Carlos Sainz has iterated his confidence in the Williams’ long-term Formula 1 project, despite admitting to a ‘test of faith’ after the team’s 2026 chassis issues.
The Grove-based squad has been severely tested after its FW48 was produced with a chassis heavier than that of its rivals, curtailing pre-season hope of building on its impressive 2025 showing.
Sainz was, of course, taking a gamble by joining the team upon his departure from Ferrari, one that was vindicated with the car scoring two podiums via his hand in Baku and Qatar, as well as another top-three finish in the US Grand Prix Sprint.
But there is no doubt that the four-time Grand Prix-winner will have been left frustrated by the team’s tough start to the 2026 campaign.
Ahead of this weekend’s Monaco GP, Sainz was asked if his faith was tested by the situation that has presented itself.
“Tested my faith? For sure,” he admitted to media, including Motorsport Week.

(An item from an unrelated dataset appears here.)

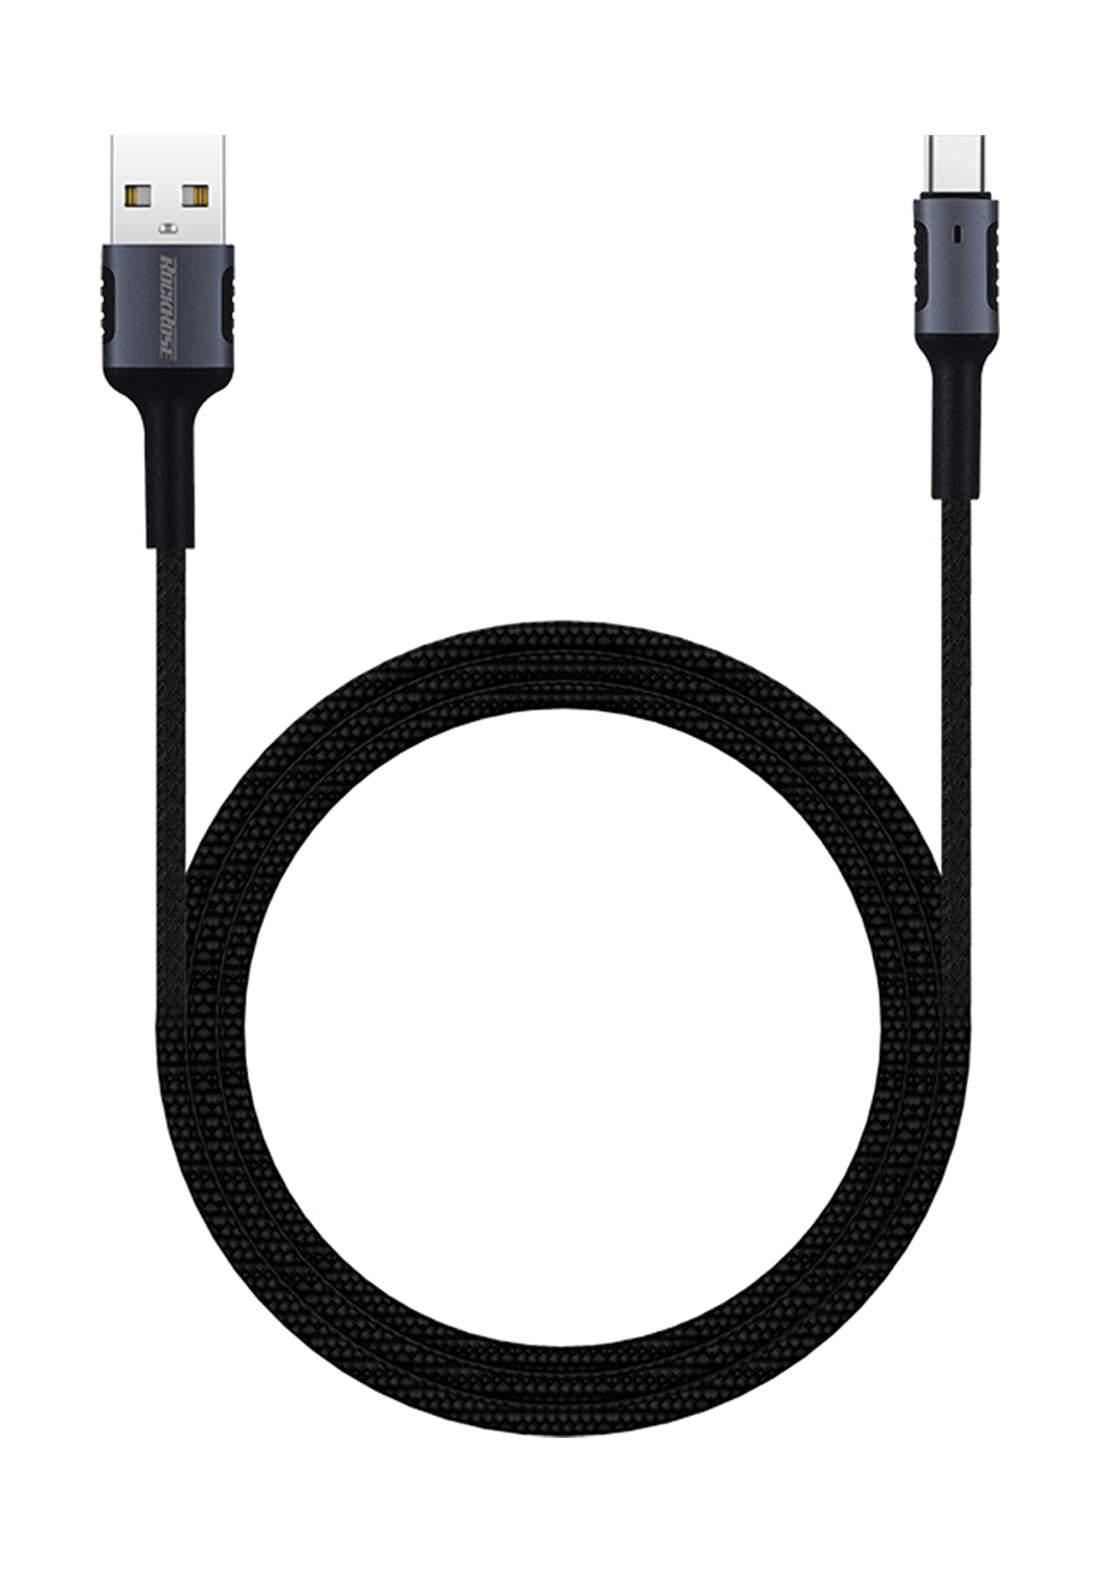 (4130)RockRose RRCS06C USB to USB Type-C Cable 1m - Black كابل

“When you go from scoring podiums at the end of last year to suddenly being where we were two seconds and a half of the pace at the beginning of the year, two seconds is a big test of faith or a big shock to the system.
“I was the first one to say to James [Vowles, Team Principal] and to the management that it was not expected. but at the same time we had very open and clear conversations of where things started going wrongly.
“I think we did a very thorough analysis with some very important members of the team and I think once we all understood where it had started to go wrong and how I very quickly realised that it might have actually done good things for the team this bump.
“If we wouldn’t have hit this bump I think there might have been things in the team that we would have never changed.
“Thanks to the shock of that bump we definitely put a very strong action to correct them, to erase them from the system, to for sure try and not happen again. That made me recover a lot, that faith and the belief in the project.”

Carlos Sainz confesses that 2026 is ‘the opposite’ of 2025 early-season expectations
Sainz’s nous with development helped the FW47 haul itself to a position of being capable of securing fifth place in the Constructors’ Championship.
It left the Williams team hopeful of it being a foundation on which to build amid F1’s new regulations cycle, but so far, to no avail.
Asked if he knew this was a possibility, knowing the team is still in a transitional period, Sainz confessed 2025 exceeded all expectations, with this season so far being a polar opposite.
“Maybe last year was almost too good for where the team was at? A combination.I think last year we over-delivered as a team,” he said.
“I think that FW47 was a good race car with its strengths and weaknesses, but we definitely managed to create a car that was able to score podiums, [and] my first year with the team, that was not expected.
“I was not expecting that – I was expecting to maybe be a solid midfield car, but not to at races be fighting with Mercedes and Ferrari head-to-head, straight outright pace.
“That probably maybe also raised my expectations for 2026. Then 2026 came and it was almost the opposite.
“It’s been a bit of a rollercoaster, let’s say this start of my life in Williams. I don’t know, I think I was always expecting to hit a bump at some point.
“I think the road to recovery of a team is never a straight line and if not, the best example with McLaren at the beginning of 2023, they were really far down and they ended the year in a high. From there came the big progress
“I think I always expected maybe not as big of a bump as we hit at the beginning. but at the same time, I think it’s propelled some very interesting changes inside the team and some very interesting changes of mentality, changes of approach that were needed that maybe without the bump we would have never changed and we would have never corrected.”
Williams has evidently shown much improvement since that time, giving the team something to build on with a number of races still to run until the summer break.